The whole problem is from the cast bullets I am using being 0.4525" in diameter to give me 0.002" larger diameter than the pistol's 0.4505" groove diameter bore. If I size my cast boolits down to 0.450", then I can seat them out to give a c.o.a.l. of 1.230" and still allow the slide to close up all the way and lock in battery.

If I size them down to 0.450", though, then I get into the realm of gas cutting with attendant severe leading problems. Right now the gun has pretty darned good accuracy with just minor leading problems and it just might have the potential to be a 4" at 100 yard shooter by working around with loads a bit, along with machining a barrel bushing that is a bit tighter.

It has pretty good accuracy right now and I sure would hate to mess it up.


rl742

Linstrum
02-22-2010, 06:48 AM
Hi, Lloyd Smale and Bucks Owen, thanks for the recommend on not using aluminum cases. The big problem with aluminum is from what you guys brought up, it has different work hardening properties than the standard brass made from 70% copper and 30% zinc normally used for cartridges. Kind of bizarre properties, actually.

From the experiments I did with aluminum cases they are good for about six re-sizings and then they go to pieces - literally - making them treacherous.

One of the properties of many aluminum alloys is they harden up by themselves at room temperature after annealing in a furnace at about 400°F for a few minutes and then cooling down quickly, somewhat similar to what air-cooled lead-antimony bullets do. Right after annealing and cooling, aluminum alloys can be forged and worked without work-hardening much, and this property is taken advantage of when drawing and forming aluminum cartridge cases or making aluminum extrusions for structural parts. After standing at room temperature for a day or so the parts harden up to full strength. The hardening can be delayed by storing the aluminum in a freezer and aluminum aircraft rivets are sometimes called "icebox rivets". Most aircraft built back in WW2 used the so-called icebox rivets.

Going through the annealing process for aluminum cartridges and then waiting long enough for them to harden back up to their safe strength again after re-sizing and loading is a time-consuming pain between the hip pockets to do right, so you guys are quite right, it is best to leave the aluminum cartridges alone and stick to brass.


rl743

35remington
02-22-2010, 10:13 PM
I've got a severe allergy to the magazines needed to feed short OAL's as I do not consider them reliable due to design compromises that do not get mentioned by those that peddle them for money.

If it were mine it would get throated in a heartbeat.

Normal OAL in my Colt factory and Bar Sto custom barrels is 1.220" for both the bullets you describe, as I cast both of them myself.

This is much more in the proper range for the 1911. 1.130" is ridiculously short for a 230 TC bullet and is improper.

Standard lengths.....

230 Ball 2 radius ogive 1.255-1.265" depending upon who makes the mould.

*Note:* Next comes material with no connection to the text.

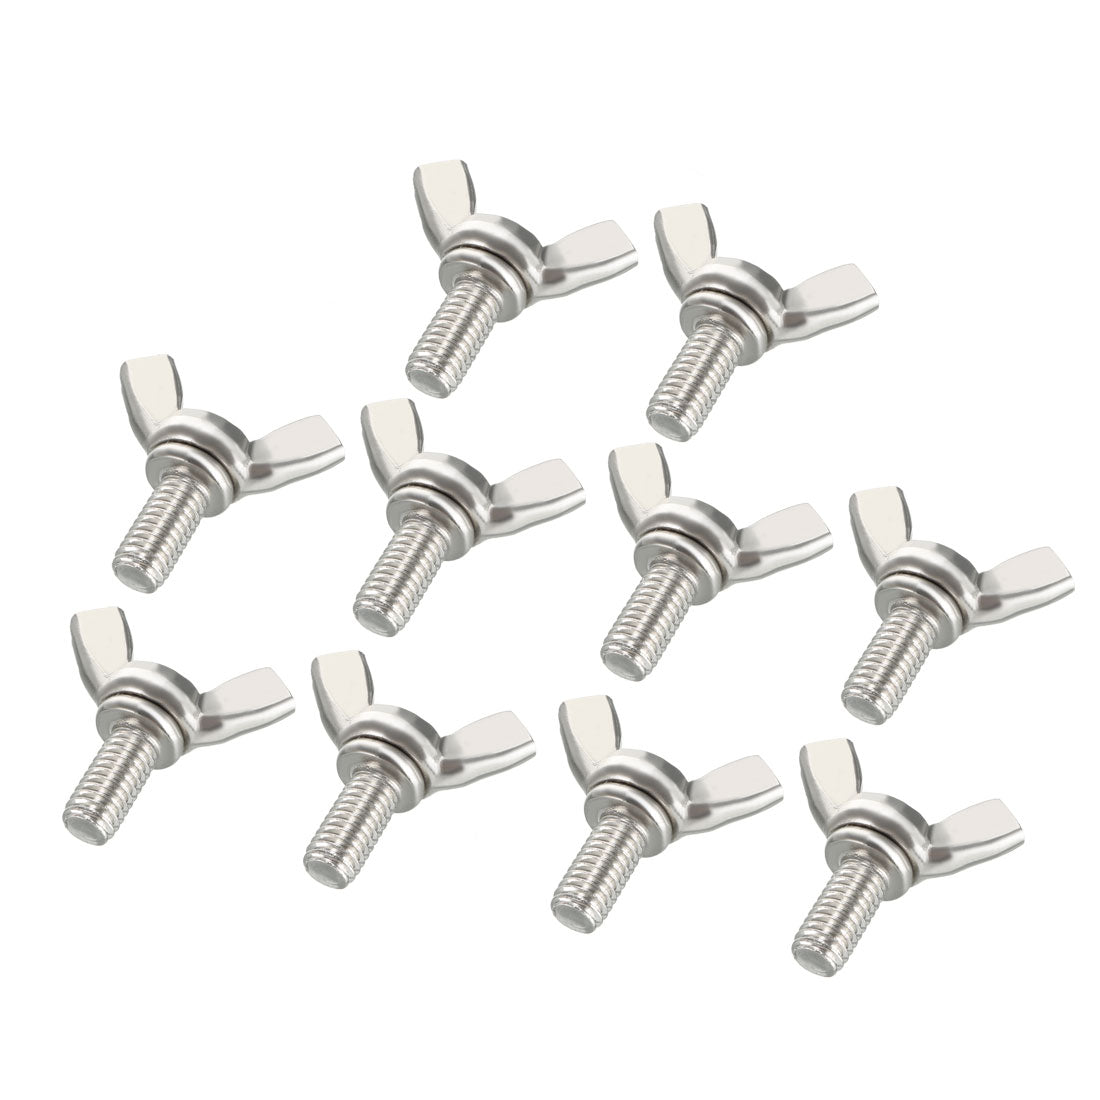 uxcell Uxcell Wingbolt Butterfly Wing Thumb Hand Screws Bolts M6x12mm 1mm Pitch Carbon Steel 10pcs

HG 68 Pattern 200 SWC (longnose) 1.235-1.250 depending upon who makes it.

230 TC's 1.200-1.230."

The Lee 228-1R is nonstandard for the 1911, as it has a one radius ogive (bluntnose), and works better out of magazines that release a little bit earlier than GI. Checkmate's tapered lip hybrid style would be better for this, and it is a superior magazine to the McCormick's et al right out of the gate, as it retains the 1911's controlled round feed principles and does not feed the cartridge at as sharp an angle as the straightlipped SWC magazines do.

A very knowledgeable 1911 gunsmith of my acquaintance suggests that overall lengths generally be 1.200" or longer. Shorter than this runs to the various 185 target SWC's that finish in the 1.155-1.185" range, and this length definitely requires early release magazines, which unfortunately require the round to climb the feedramp at a steeper angle, resulting in "ka-chunkier" feeding.

Railbuggy
02-23-2010, 08:29 PM
I to have the 228 g mould,found out here about ogive.Got the Lee 230-2R mould for my 1911.Will shoot the 228s from my Blackhawk 45lc.